Wednesday, 23 October 2019

Willesden Greeners mobilise to save the Delipod Hub from closure - petition launched

Willesden Greeners have lost no time in launching a petition to Brent Council asking them to act  to save the Delipod Hub at Willesden Green Library from closure (see yesterday's story).

The petition is HERE and states:

The recent decision to terminate the lease of Willesden Green Library’s Delipod Hub cafĂ© has caused an outpouring of community support.  We believe the decision to terminate their lease – regardless of the doubtless complex intricacies of the case – is a mistake and flies in the face of Brent’s stated aims to improve Willesden Green High Street.

After countless years in the doldrums, Willesden Green has recently started to show signs of growth and development; this is in large part due to the work of like-minded individuals within the community coming together. Our partnership with Brent Council seeks to improve our environment, reduce crime and foster growth on our High Street and has started to yield meaningful results. The small successes we have witnessed this past year have been helped by The Delipod Hub both as a focus of community activity and as a base for the community to meet and launch our campaigns. During the recent Rising Star High Street Award judges’ day, Brent Council touted The Delipod as a focal point for their consideration. Away from the watchful glare of media scrutiny, it’s pride of place at the epicentre of Willesden Green’s community hub should continue to be championed by the council.

Among Brent’s stated ambitions is to encourage the public to spend locally. You employ a full time Town Centre Manager to promote growth and regeneration on our High Street.  In a peculiar turn of events, until mere weeks ago, the Town Centre Manager was excluded from any involvement in this matter.
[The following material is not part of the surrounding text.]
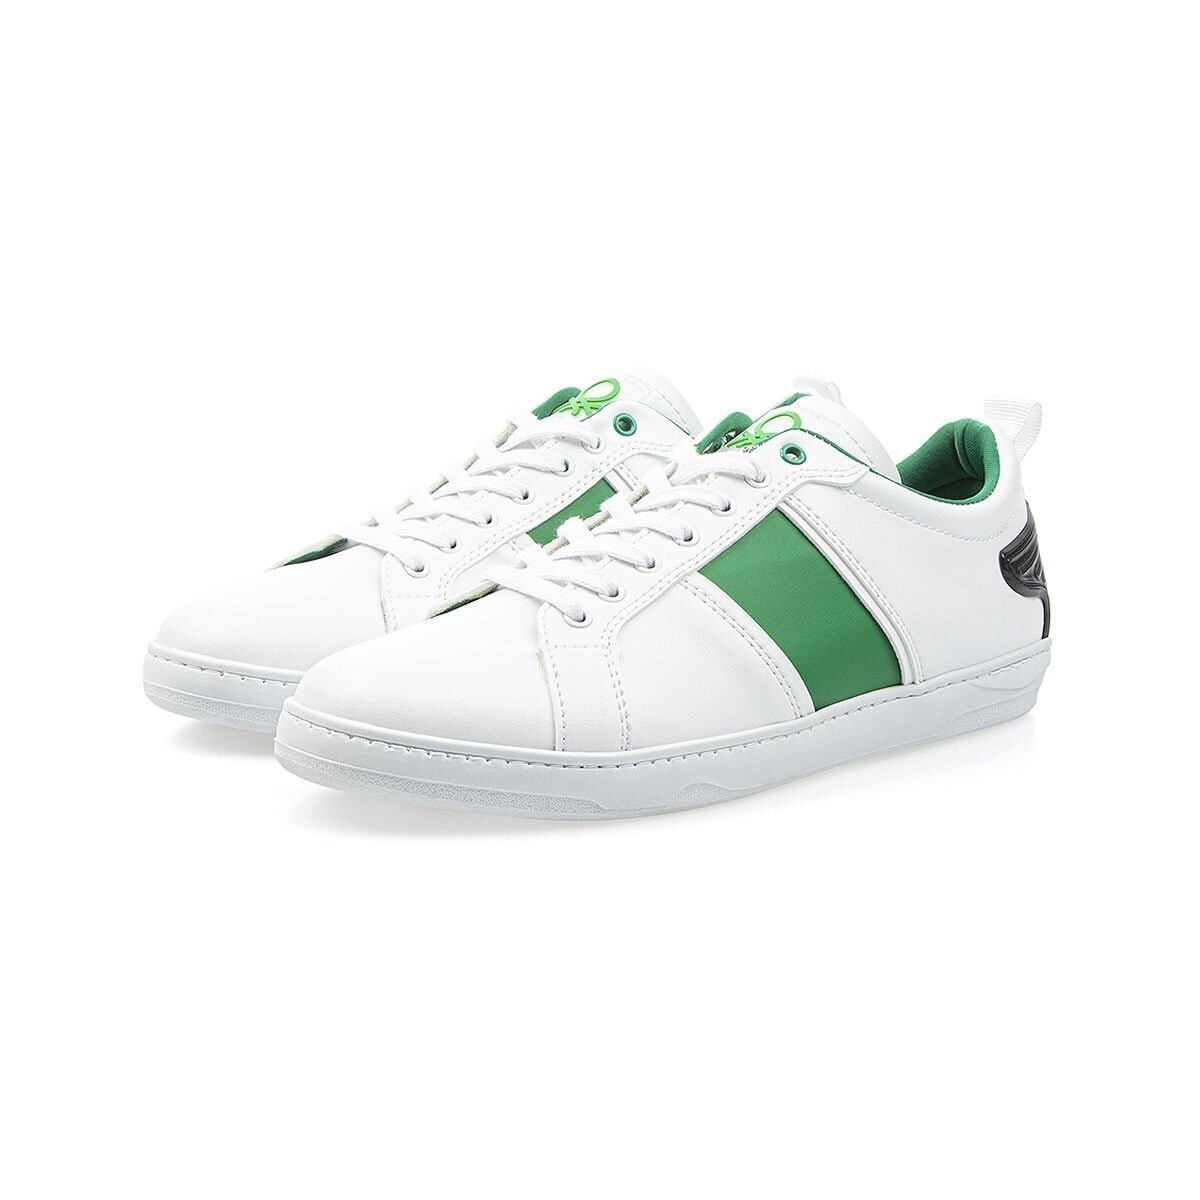 Benetton Erkek Ayakkabı BN-30138 Beyaz-Yeşil

While business rates are beyond your control and remit, we are aware it is within Brent Council’s gift to make rent reductions. It is the community’s understanding, The Delipod has been communicating through appropriate channels for over one year. They have patiently awaited an answer from Brent Council on a possible rent reduction.  We also understand the owners were led to believe there was consensus within the council supporting a rent reduction; a reduction that would allow them to operate successfully while continuing to provide Willesden Green’s community hub with a much-needed resource.  As happens, the decision-making process became a protracted episode prompting the assignment of this case across several different asset managers, until the most recent one issued a final ultimatum without benefit of a rent reduction.
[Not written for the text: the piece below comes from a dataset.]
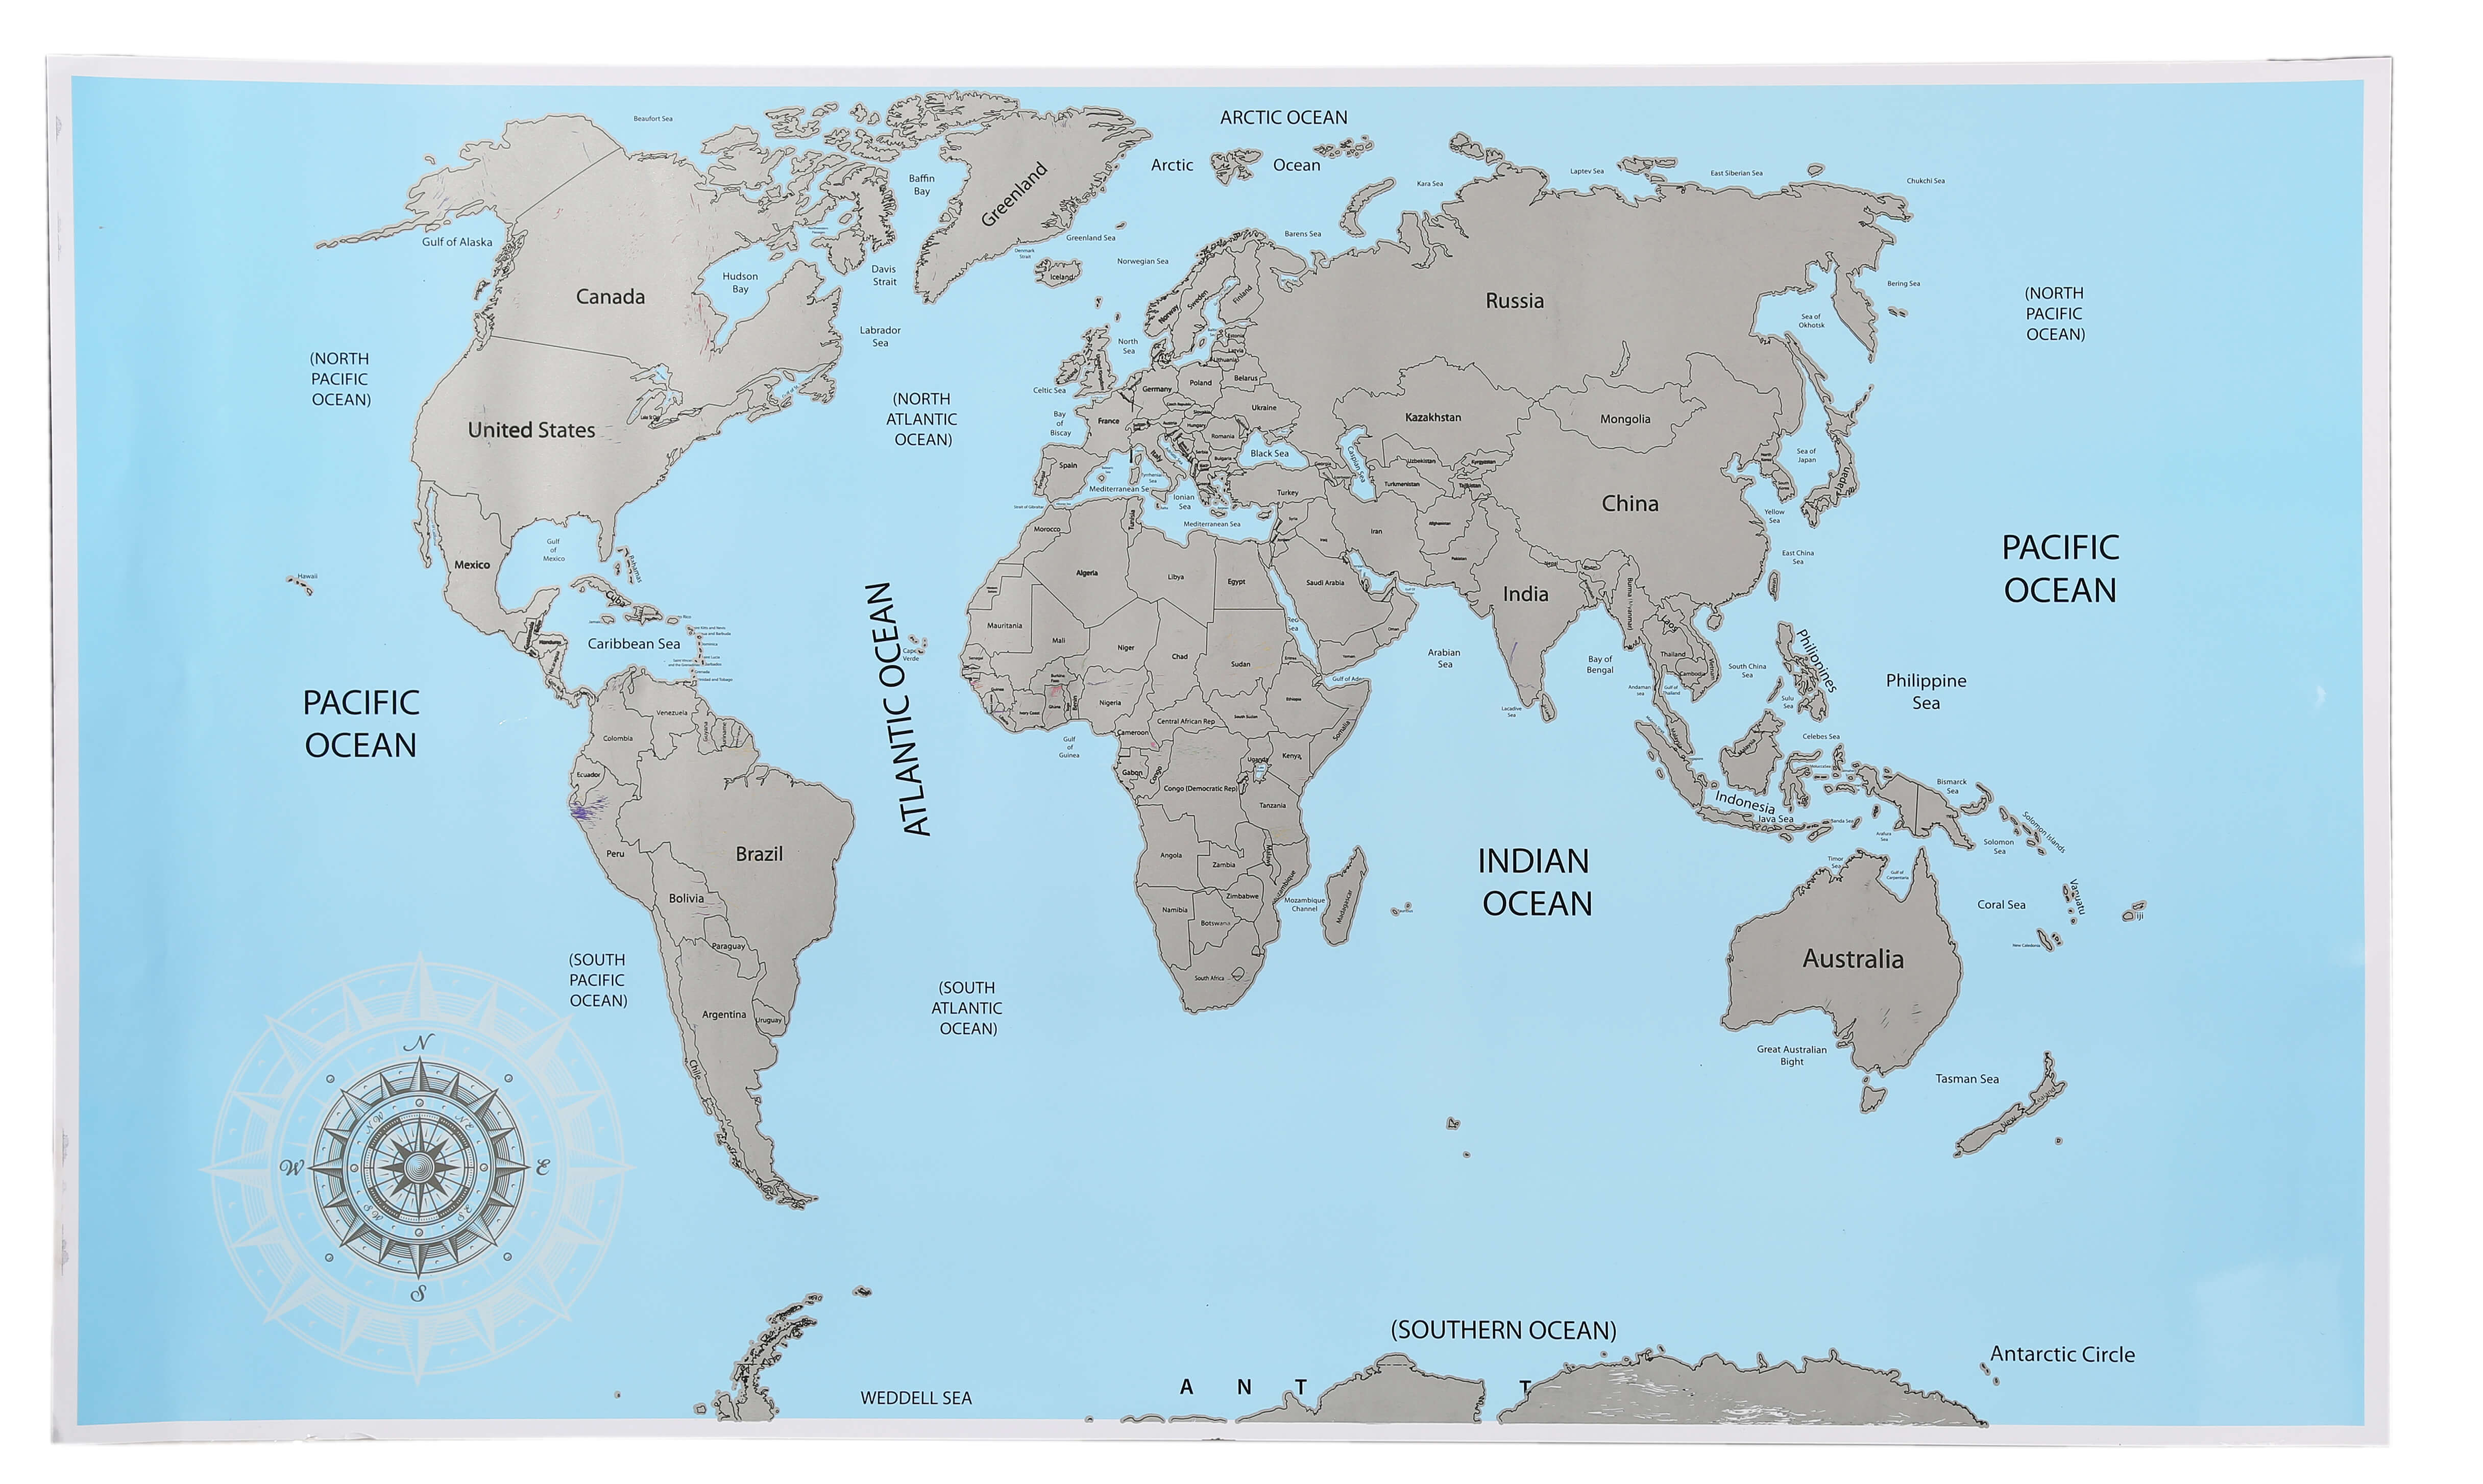 Scratch Map Weltkarte zum Rubbeln

If Brent Council is serious about investing in our local community, creating a thriving cultural centre hub within the main library and helping our town centre to flourish, then the community believes The Delipod Hub should be viewed as an asset of community value.  Brent must allow its community value to take precedent over commercial considerations.

Assuming the council has made full consideration of the financial issues any business utilising this space will face in managing both the rates and the rent, we have to ask, under current parameters, whom do Brent Council envision will be capable of achieving success? There is understandable concern among the community this space will, in future, welcome a spate of short-term cafes offering no semblance of continuity or stability. This is not in keeping with Brent’s well-publicised ambition for the borough or with the Town Centre Manager and community vision for Willesden Green.  Willesden Green deserves an equal chance to grow and develop along with other parts of the borough. If small, start-up businesses cannot expect and/or receive support from Brent Council how do you propose we achieve growth for the area and beyond?

We respectfully believe this decision to be short-sighted. Brent Council has a responsibility to represent the many while considering the long-term impact of removing yet another highly valued and much-loved facility from a ward fighting to devise a better place to live. We urge you to reconsider this misdirected decision.